I admit I didn't read the entire post (I honestly think authors really need to come to terms with the fact that we now live in a world of information excess, and pithiness is more important than ever), but I wouldn't feel too bad yet given there was a recent front page HN post about how free, open models could actually catch all the issues Mythos did, it just required a little more orchestration. E.g. see https://aisle.com/blog/ai-cybersecurity-after-mythos-the-jag... for a detailed analysis.
> pithiness is more important than ever
I apologize for getting stuck on your parenthetical but while pithiness is a fine aspiration in a North American business setting, pithy reads generally can't exist without more detailed and nuanced long-form analyses, and the latter face a more dire existential threat. You are right that pithy [writing] is an important skill, as are slow and deliberative reading and writing of longer form work
I'm not claiming the original post is detailed or nuanced, to be clear
I’ve read it, it’s taken me about ten minutes, and it’s been refreshing to read something that is not sloppy.
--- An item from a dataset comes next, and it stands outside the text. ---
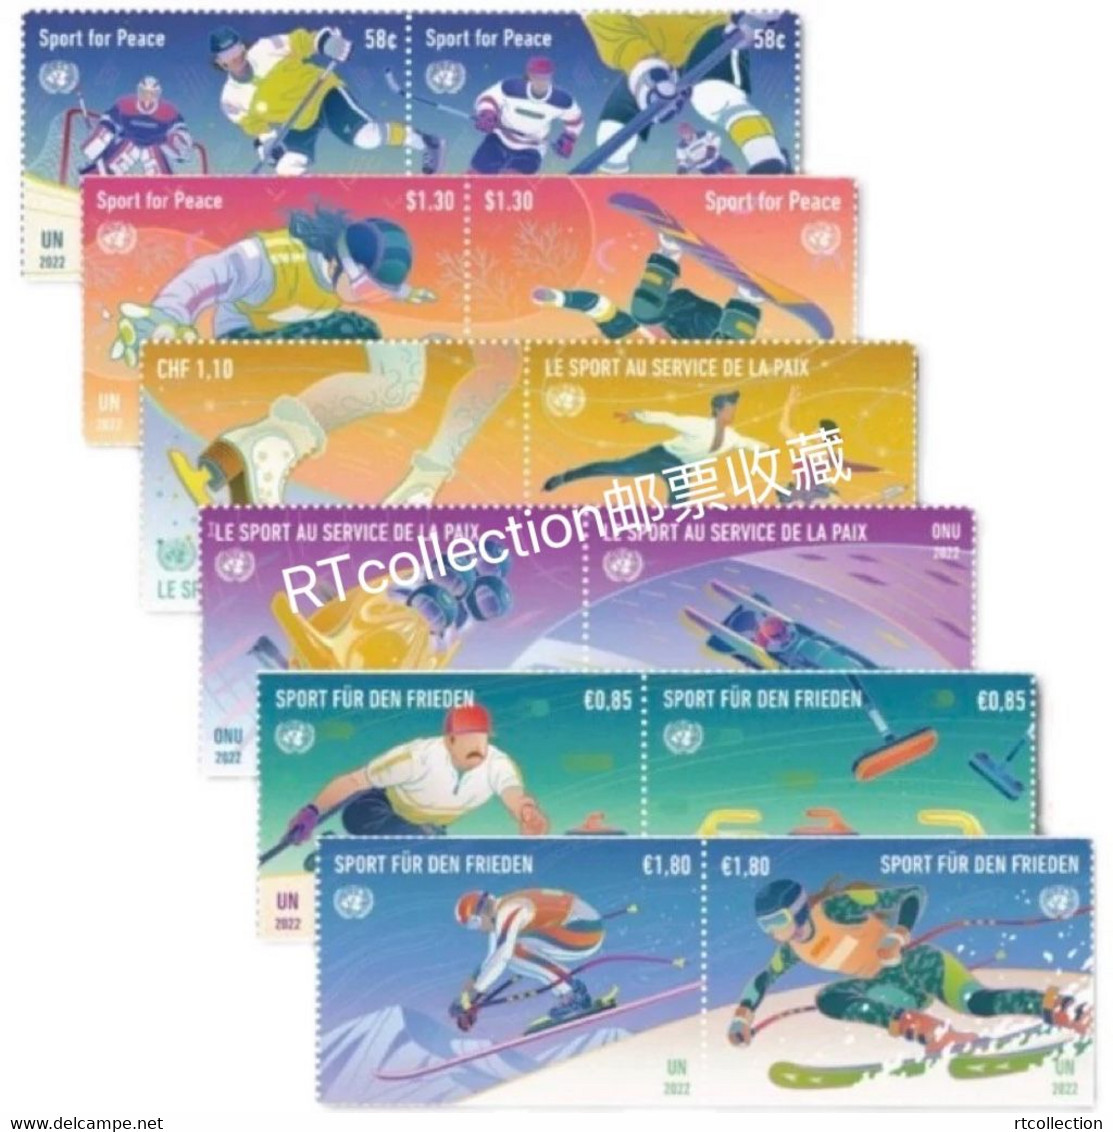 United Nations 2022 UN Geneva New York Vienna - 3 Set Sport For Peace Winter Olympic Games Skiing Ice Skating Stamps MNH - Emissioni Congiunte New York/Ginevra/Vienna

The page design and type are soothing, too.
I don’t agree with everything that the article says but it soulfully blends concepts in history, politics, economics, cryptography and AI.
I don’t think the author could’ve compressed it without precisely sacrificing the essay’s soul.
Is this what everything is coming down to?
if an 1800 word post is just too long I think you are cooked. This is the nicest thing I can say on the subject.